## PROBLEM DESCRIPTION
The answer should hold every line of the listing, unchanged and free of images.

## RECORDED DATA
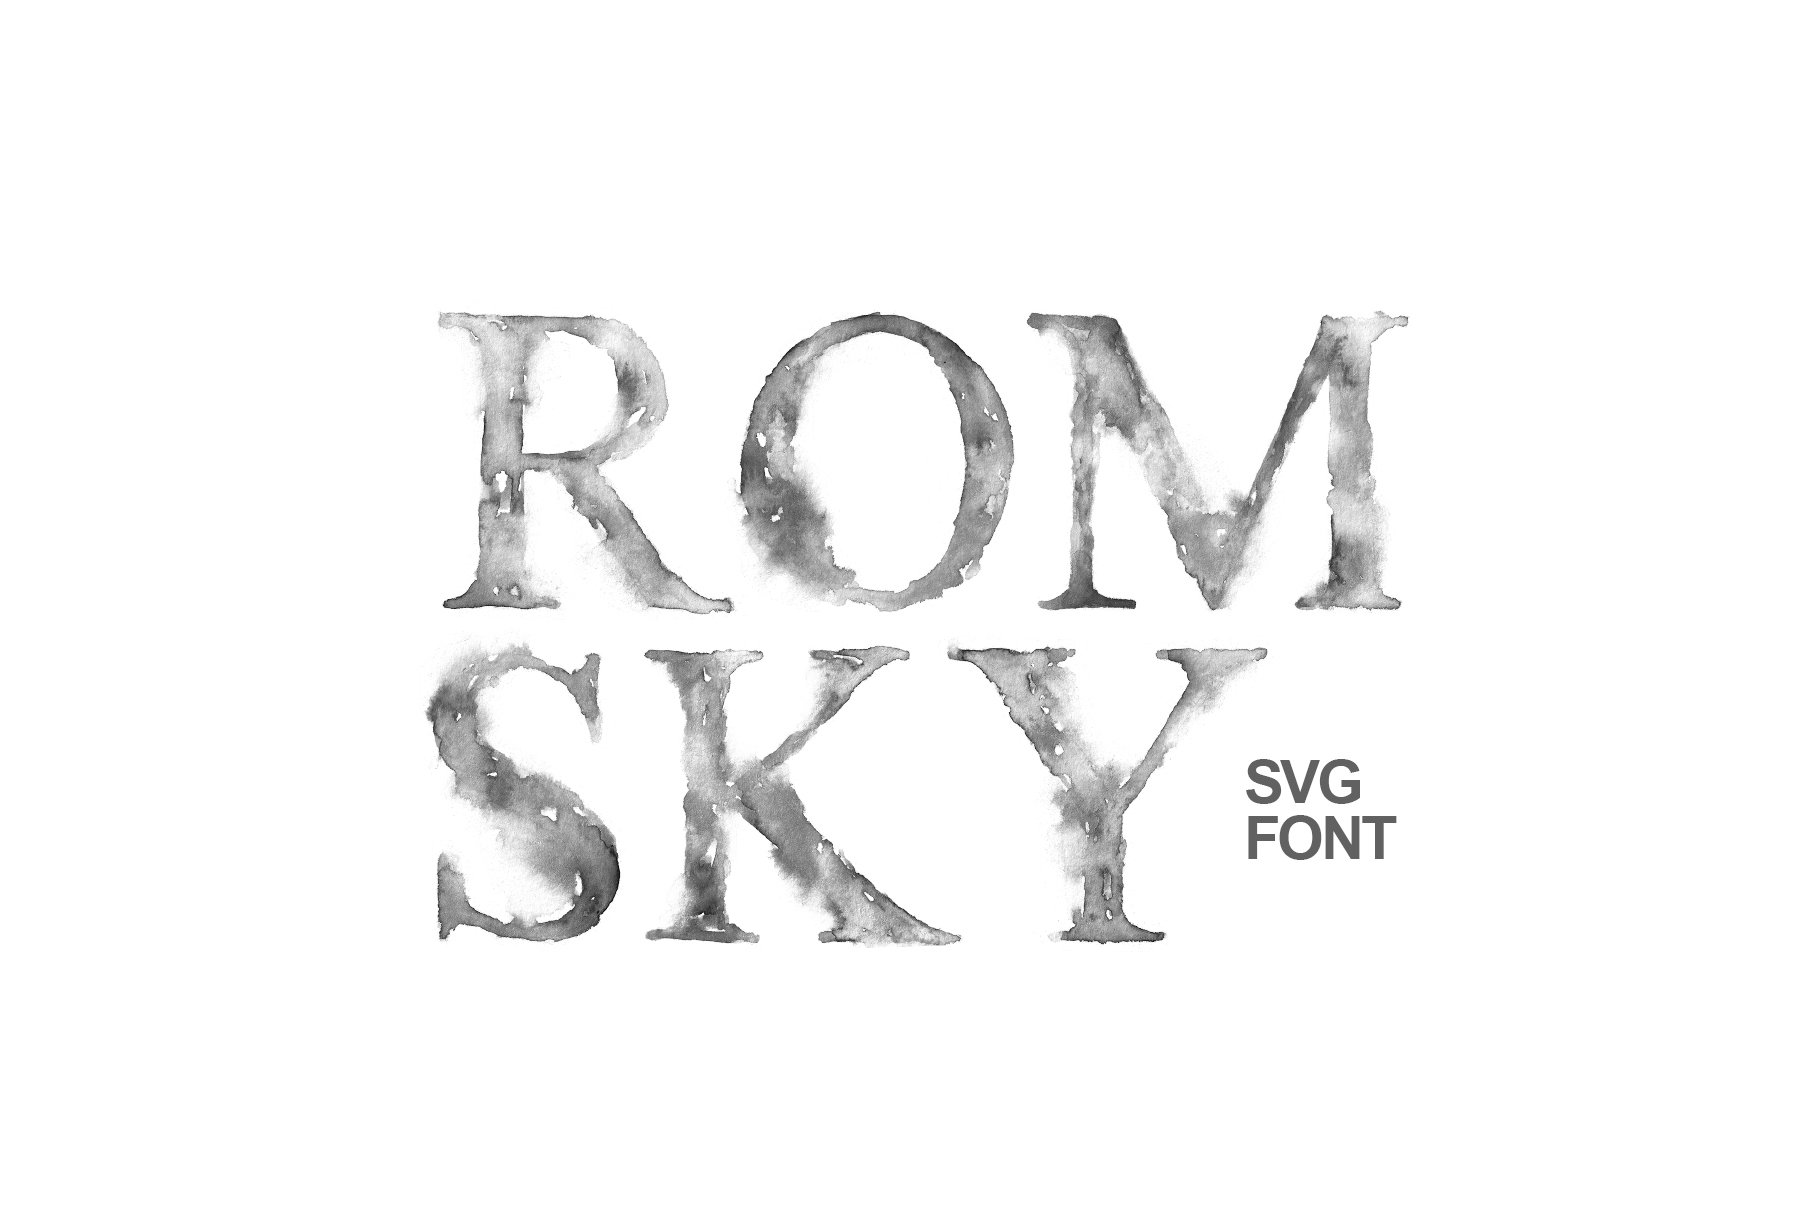 Romsky Watercolor - SVG Font cover image.
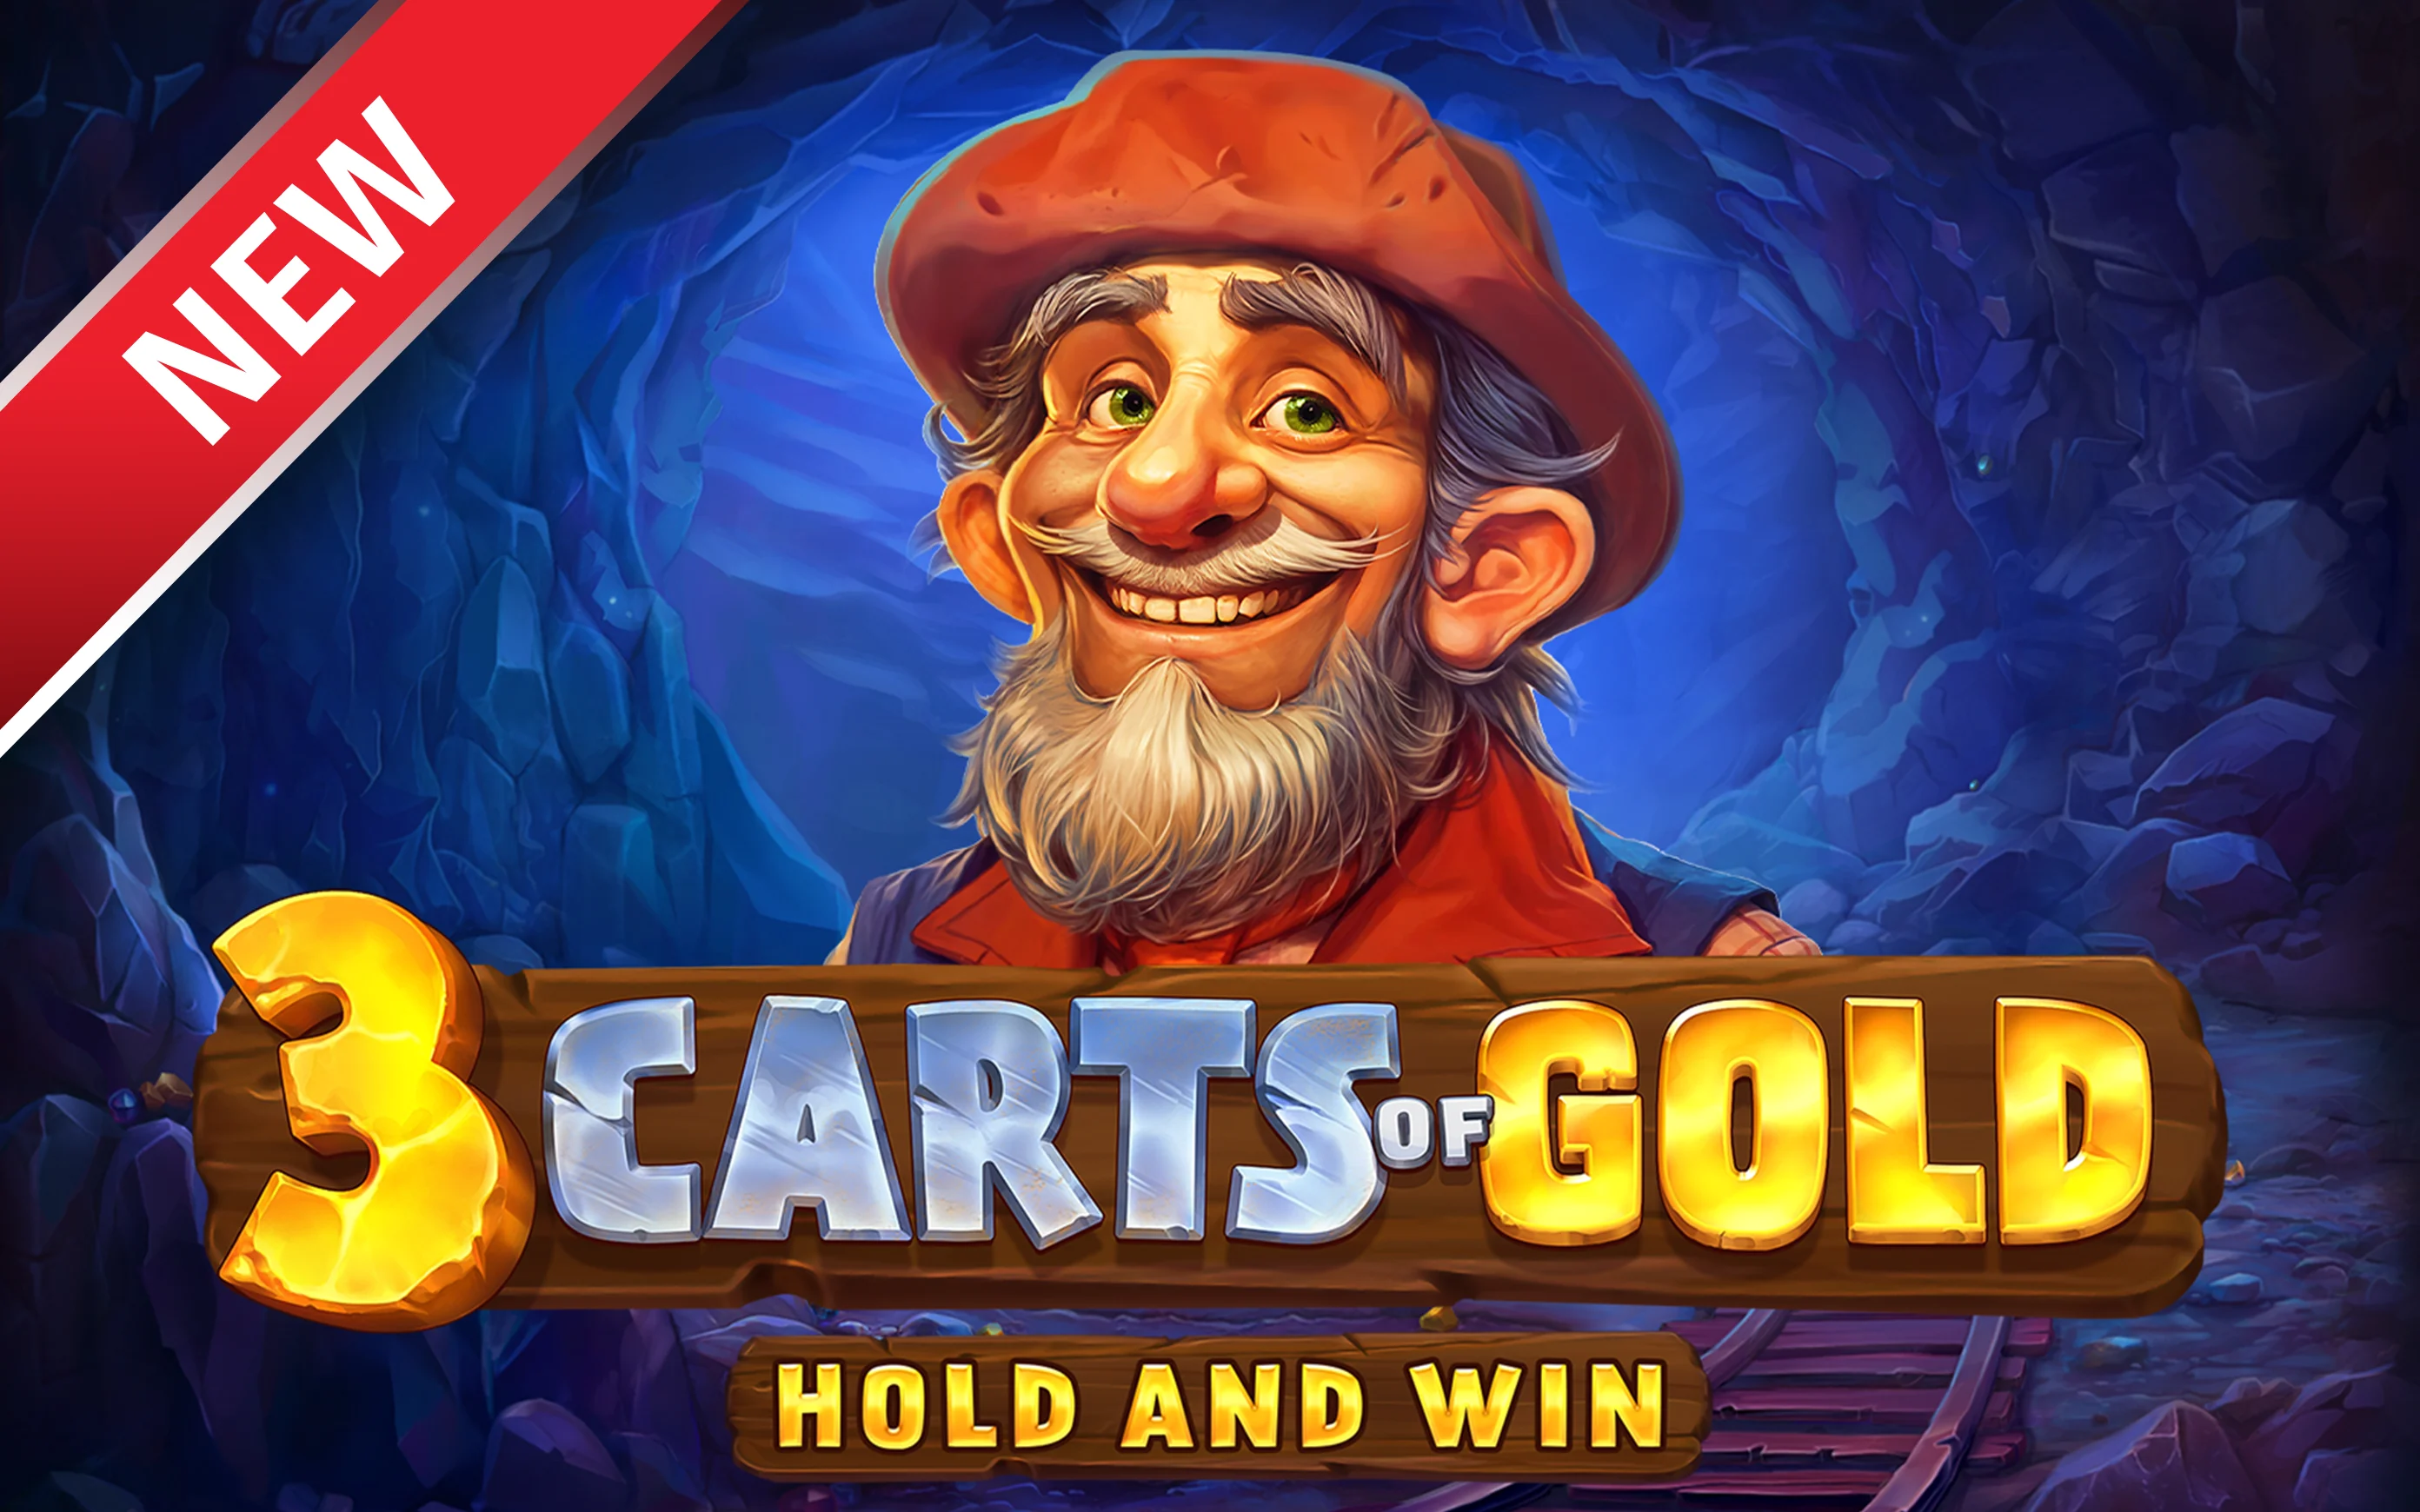 Jouer à 3 Carts of Gold: Hold and Win sur le casino en ligne Starcasino.be
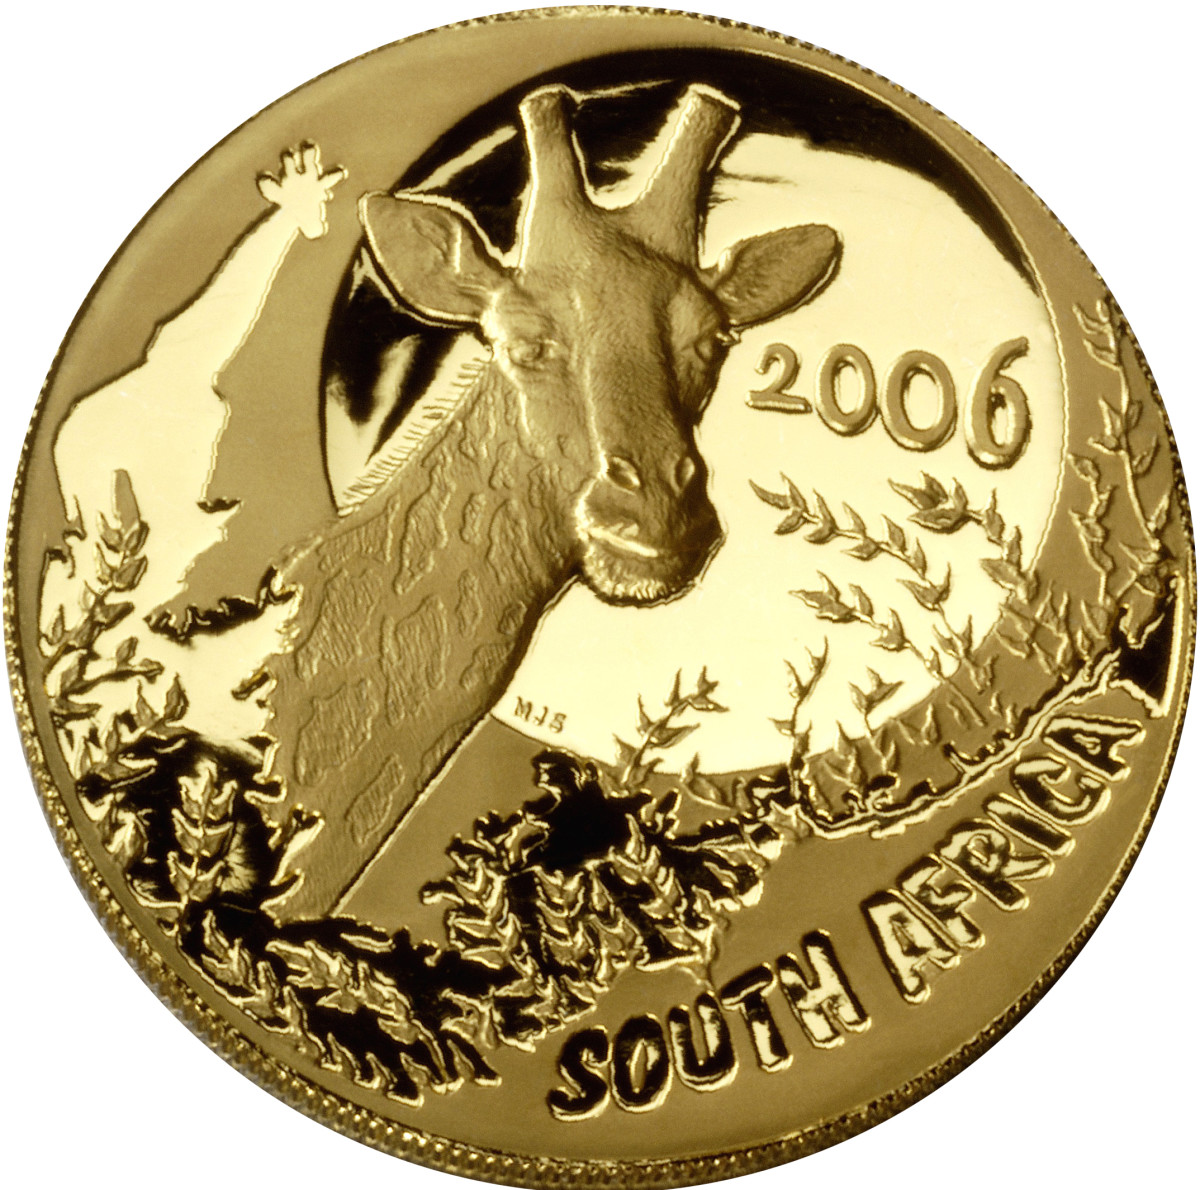 MDC award-winning 2006 giraffe coin from the Giants of Africa series.

## WRITTEN RESPONSE
 Romsky Watercolor - SVG Font cover image.
 Jouer à 3 Carts of Gold: Hold and Win sur le casino en ligne Starcasino.be
 MDC award-winning 2006 giraffe coin from the Giants of Africa series.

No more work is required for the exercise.